Author contributions

K Kalantar contributed toward conception, analysis, interpretation of data, drafting and revising, final approval and agreement for publication. R Manzano-Román contributed toward analysis, interpretation of data, drafting and revising, final approval and agreement for publication. E Ghani, R Mansouri and G Hatam contributed toward drafting and revising, final approval and agreement for publication. P Nguewa and S Rashidi contributed toward supervision, conception, analysis, interpretation of data, drafting and revising, final approval and agreement for publication.

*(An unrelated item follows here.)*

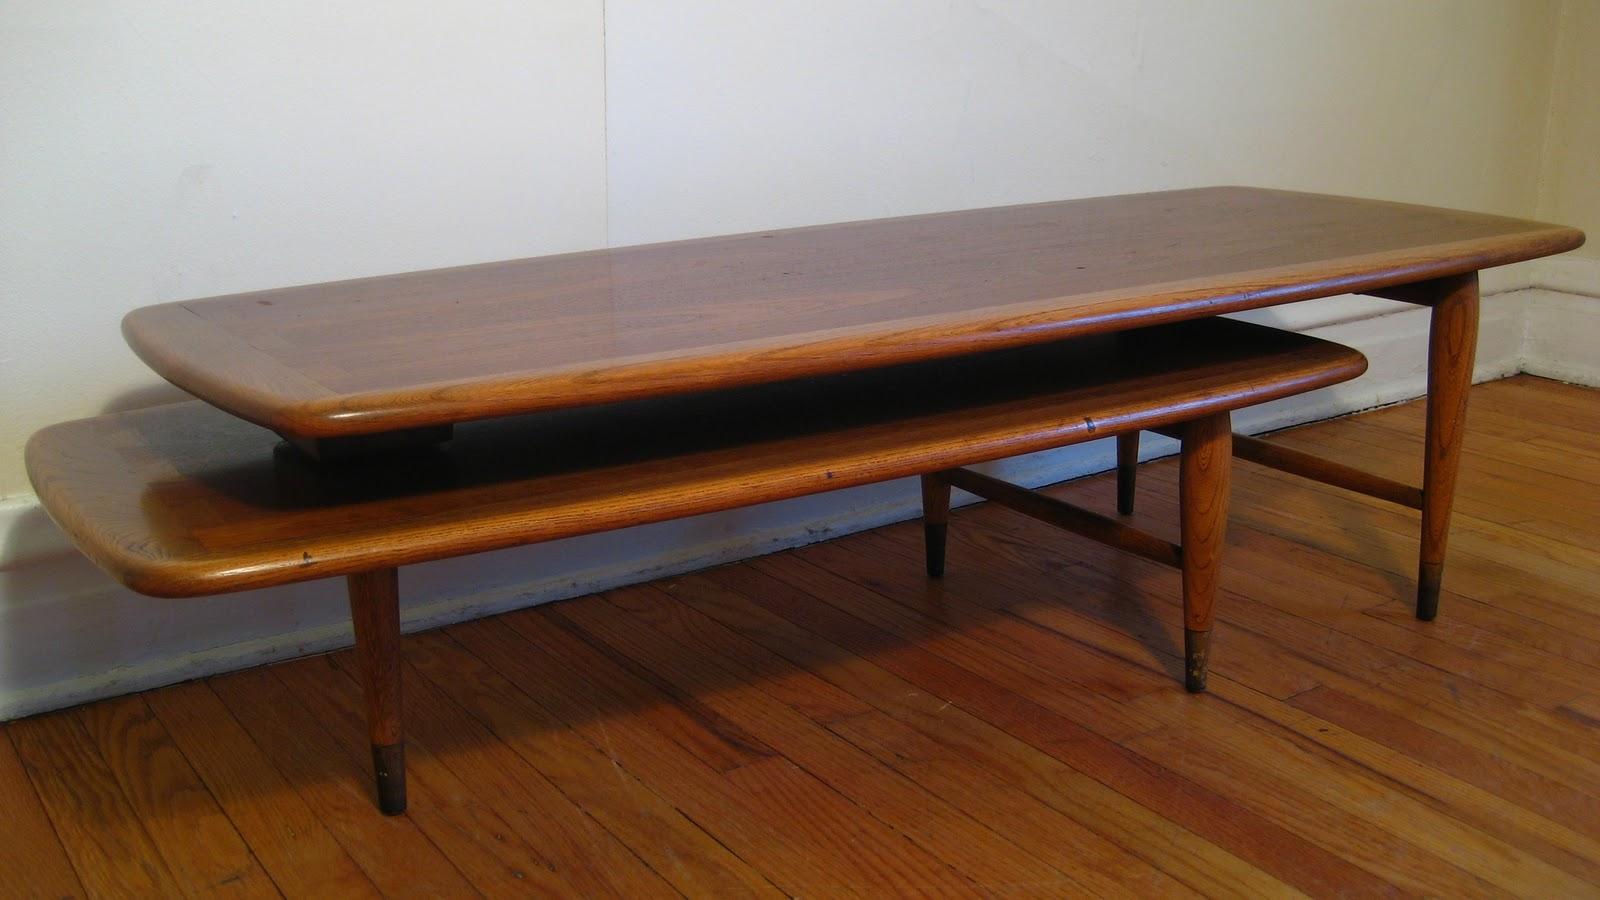 flatout design Lane Acclaim Swivel Table : laneacclaimswiveltable002 from flatoutdesign.blogspot.com size 1600 x 900 jpeg 147kB

Financial & competing interests disclosure

This work was supported by the National Institute for Medical Research Development (NIMAD), Tehran, Iran (grant number 963564). P Nguewa thanks Fundación La Caixa (LCF/PR/PR13/11080005), Fundación Caja Navarra, Gobierno de Navarra-Salud (12/2017), Fundación Roviralta, Ubesol, Government of Navarre, Laser Ebro, Inversiones Garcilaso de la Vega and COST Actions CA18217 (ENOVAT) and CA18218 for their support. The authors have no other relevant affiliations or financial involvement with any organization or entity with a financial interest in or financial conflict with the subject matter or materials discussed in the manuscript apart from those disclosed.

No writing assistance was utilized in the production of this manuscript.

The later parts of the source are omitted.